Paired-end MiSeq data is typically delivered already de-multiplexed into separate read files, that have a defined naming structure from Illumina that looks like this:

<sample name>_<barcode sequence>_L<lane (0-padded to 3 digits)>_R<read number>_<set number (0-padded to 3 digits>.fastq.gz

You can processes a folder of Illumina data like this:

ufits illumina -i folder_name -o miseqData -f fITS7 -r ITS4
ufits illumina -i folder_name -o miseqData -m mapping_file.txt

This will find all files ending with '.fastq.gz' in the input folder, gunzip the files, and then sequentially process the paired read files. First it will run USEARCH8 -fastq_mergepairs, however, since some ITS sequences are too long to overlap you can rescue longer sequences by recovering the the non-merged forward reads by passing the --rescue_forward argument. Alternatively, you can only utilize the forward reads (R1), by passing the --reads forward argument. Next the forward and reverse primers are removed and the reads are trimmed/padded to a set length of clustering. Finally, the resulting FASTQ files for each of the processed samples are concatenated together into a file called miseqData.demux.fq that will be used for the next clustering step. The script will also output a text file called miseqData-filenames.txt that contains a tab-delimited output of the sample name as well as [i5] and [i7] index sequences that were used. The script will produce a folder containing the individual de-multiplexed files named from the -o, --out argment.

####OTU Clustering:####

The next step is to run ufits cluster, which expects de-multiplexed FASTQ data as a single file with ;barcodelabel=Sample_name in the FASTQ header. If your data is in some other format, you can use other UNIX/Perl/Python scripts to add the barcodelabel= to each read and then cluster your data using UFITS. Note that reads should be globally trimmed and the pre-processing steps in UFITS take steps to ensure high quality data makes it into the clustering algorithm with minimal sequence loss. Now the data from either platform (Ion, 454, or Illumina) can be clustered by running the following:

ufits cluster -i ufits.demux.fq -o ion_output

This script wil quality filter the data based on expected errors, then remove duplicated sequences (dereplication), sort the output by abundance, and finally cluster using usearch -cluster_otus command. You can also optionally run UCHIME Reference filtering by adding the --uchime_ref ITS option or change the default clustering radius (97%) by passing the --pct_otu option. Type -h for all the available options.

####DADA2 "Clustering":#### Recently there is a new "OTU picking" algorithm for amplicon based datasets called DADA2 that has sensitivity down to single base pairs, see publication here, GitHub here. This algorithm uses a statistical method to infer the original sequence that a read was derived from, foregoing the need to cluster at a set threshold (i.e. 97%). I've implemented a modified DADA2 pipeline here to work with the current UFITS data structure. A reminder is that reads for DADA2 must have no N's and have to all length trimmed identically, thus variable length amplicons will be truncated down. Thus this method is perhaps more suited to something like COI or 16S amplicons. You can run it as follows:

ufits dada2 -i ufits.demux.fq -o dada2_output -l 200

The script will quality filter your data, trim for use in DADA2, run DADA2 alogrithm, and then parse the results to output an OTU table and a file containing inferred sequences (OTUs) in fasta format. These files can be used in all downstream UFITS scripts, i.e. ufits filter and ufits taxonomy.

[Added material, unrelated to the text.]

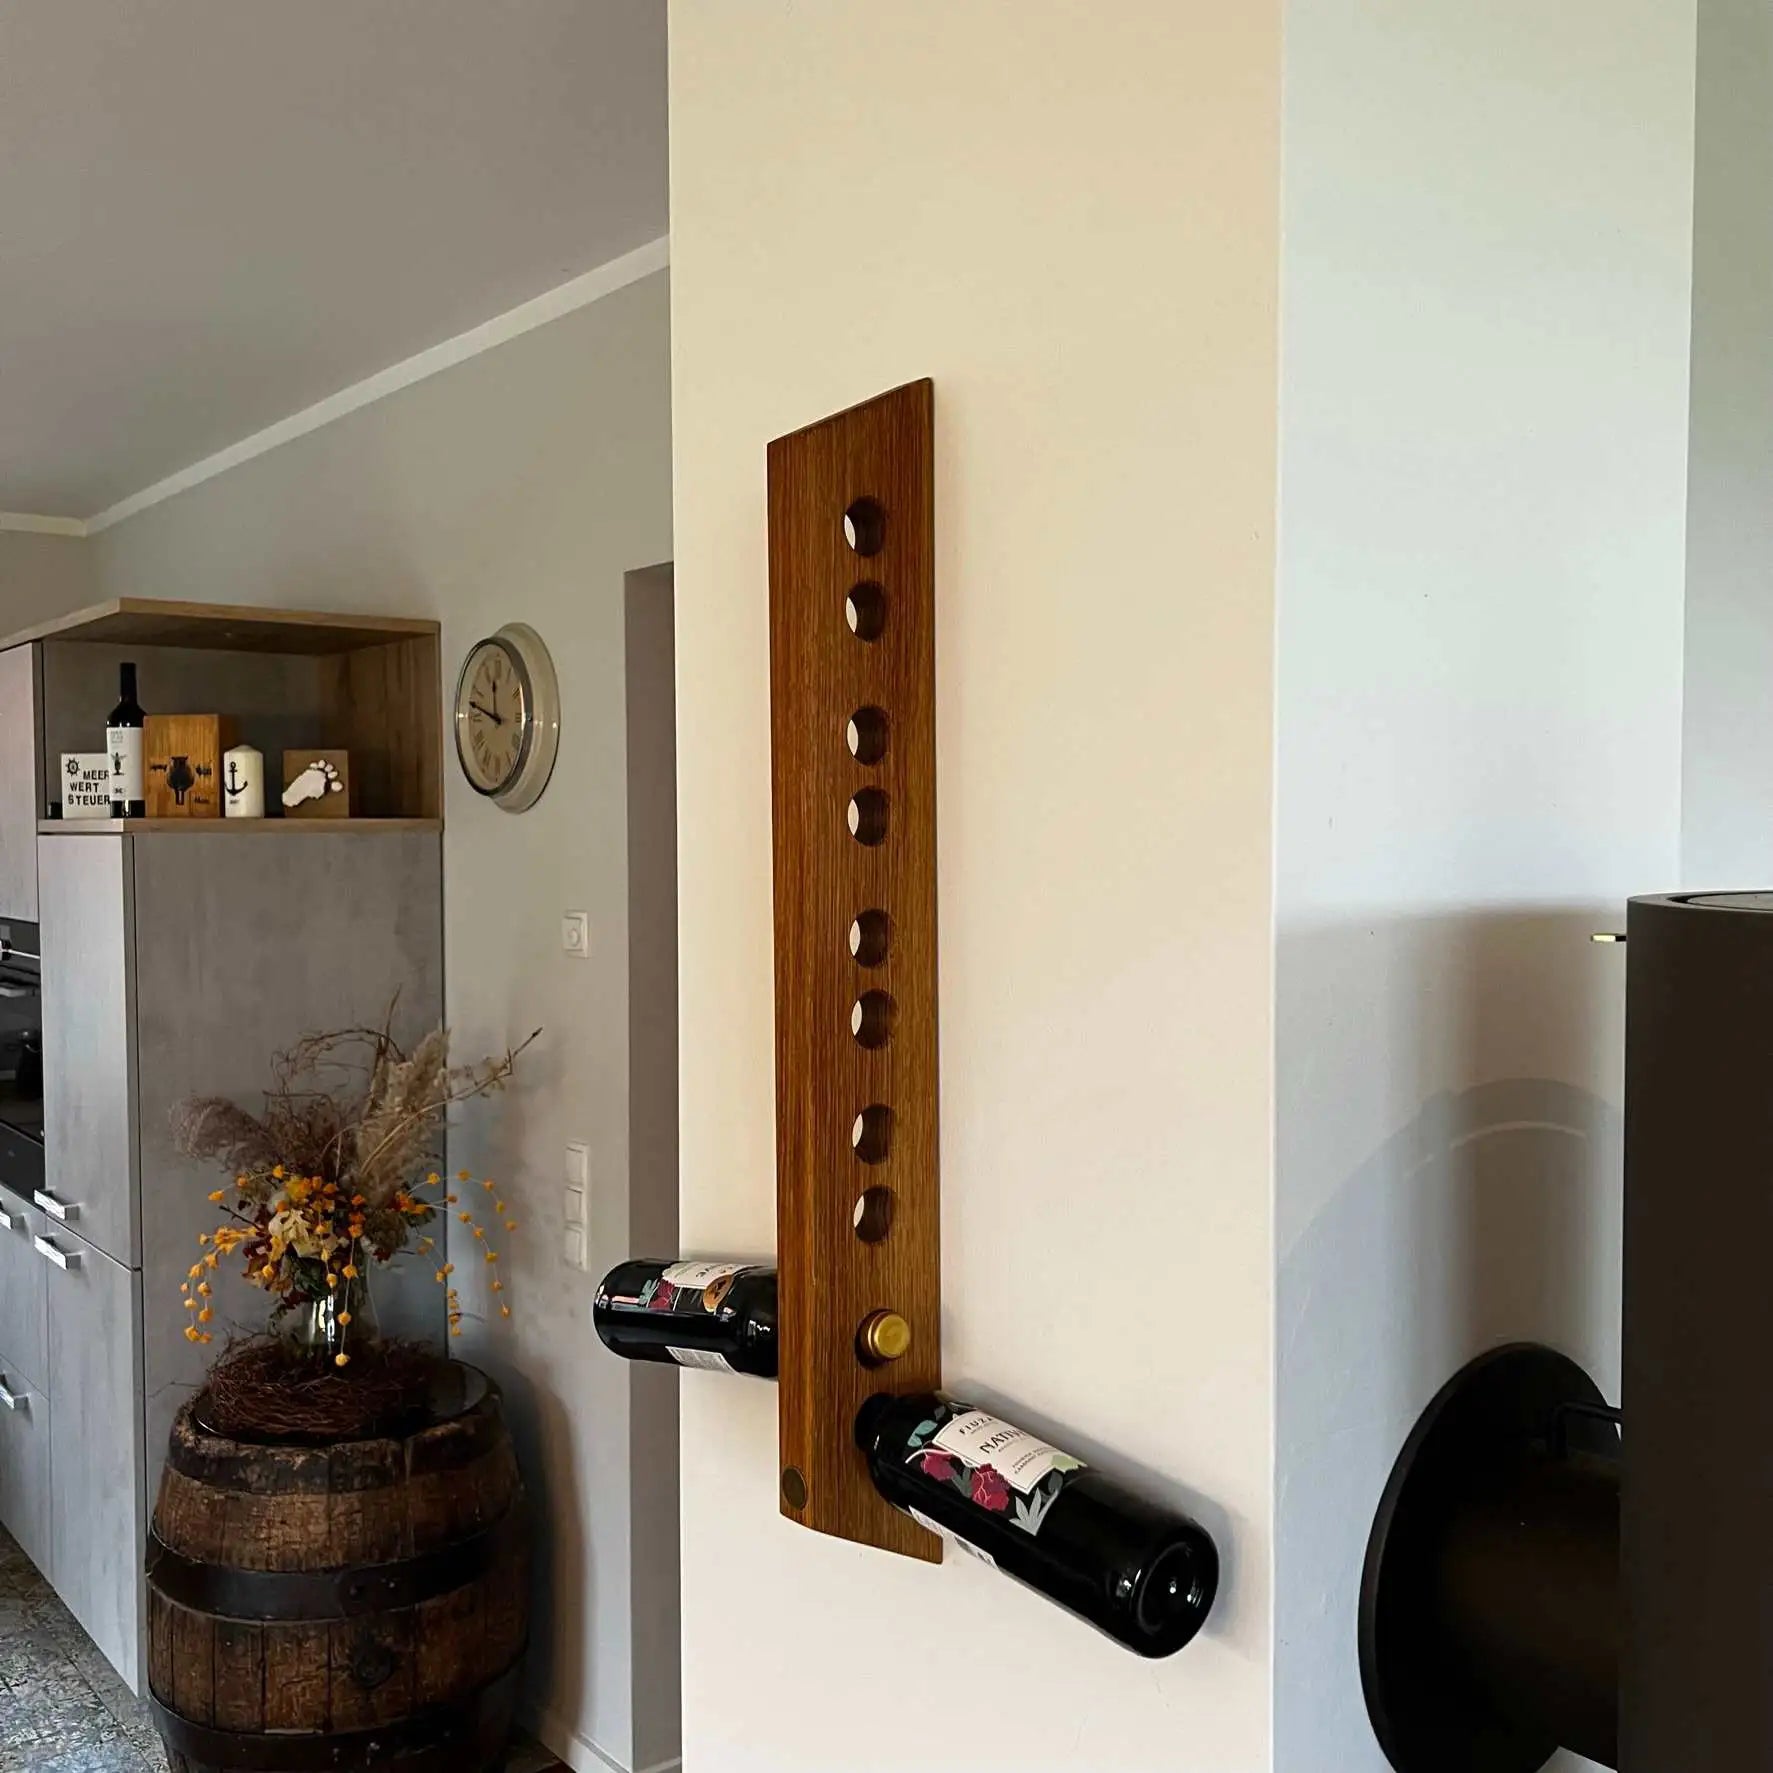 Weinregal aus massivem Holz: Stilvolle Aufbewahrung für deine Weinflaschen.
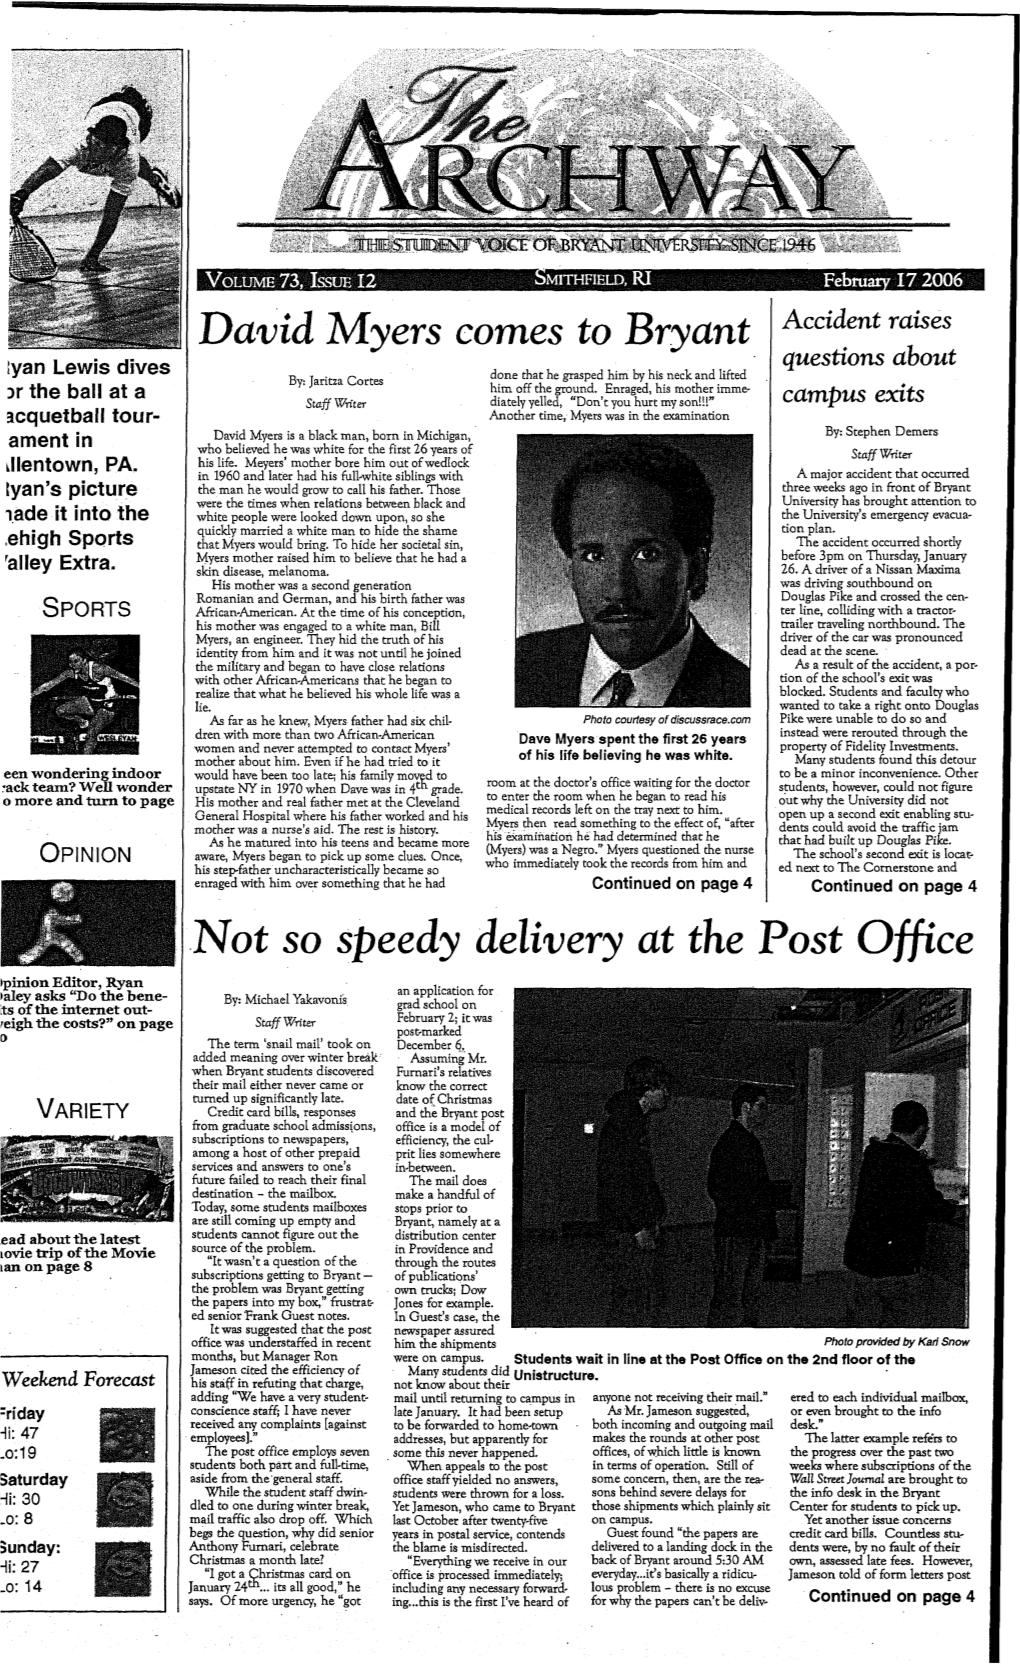 V. 73, Issue 12, February 17, 2006

####OTU Table Filtering####

The data may need some additional filtering if you included a spike-in control mock community. The advantage is that you know what should be in the spike-in control barcode sample, thus you can modify USEARCH8 clustering parameters that give you reasonable results. If you need to trim your OTU table by some threshold, i.e. several OTUs at low abundance are showing up in your spike-in control sample that represent contamination or sequence error - you can set a threshold and filter the OTU table. This is done with the following script:

ufits filter -i test.otu_table.txt -f test.final.otus.fa -b mock3 --mc my_mock_seqs.fa

This will read the OTU table -i and the OTUs -f from the ufits cluster command. This script will apply an index-bleed filter to clean-up barcode-switching between samples which happens at a rate of ~ 0.2% in Ion Torrent and as much 0.3% in MiSeq data. The script first normalizes the OTU table to the number of reads in each sample, then (optionally) using the -b sample, it will calculate the amount of index-bleed in the OTU table, finally it will loop through each OTU and change values to 0 that are below the -index_bleed filter. Finally, this script will remove the mock spike in control sample from your dataset - as it should not be included in downstream processing, you can keep mock sequences if desired by passing the --keep_mock argument. The output is a filtered OTU table to be used for downstream processing.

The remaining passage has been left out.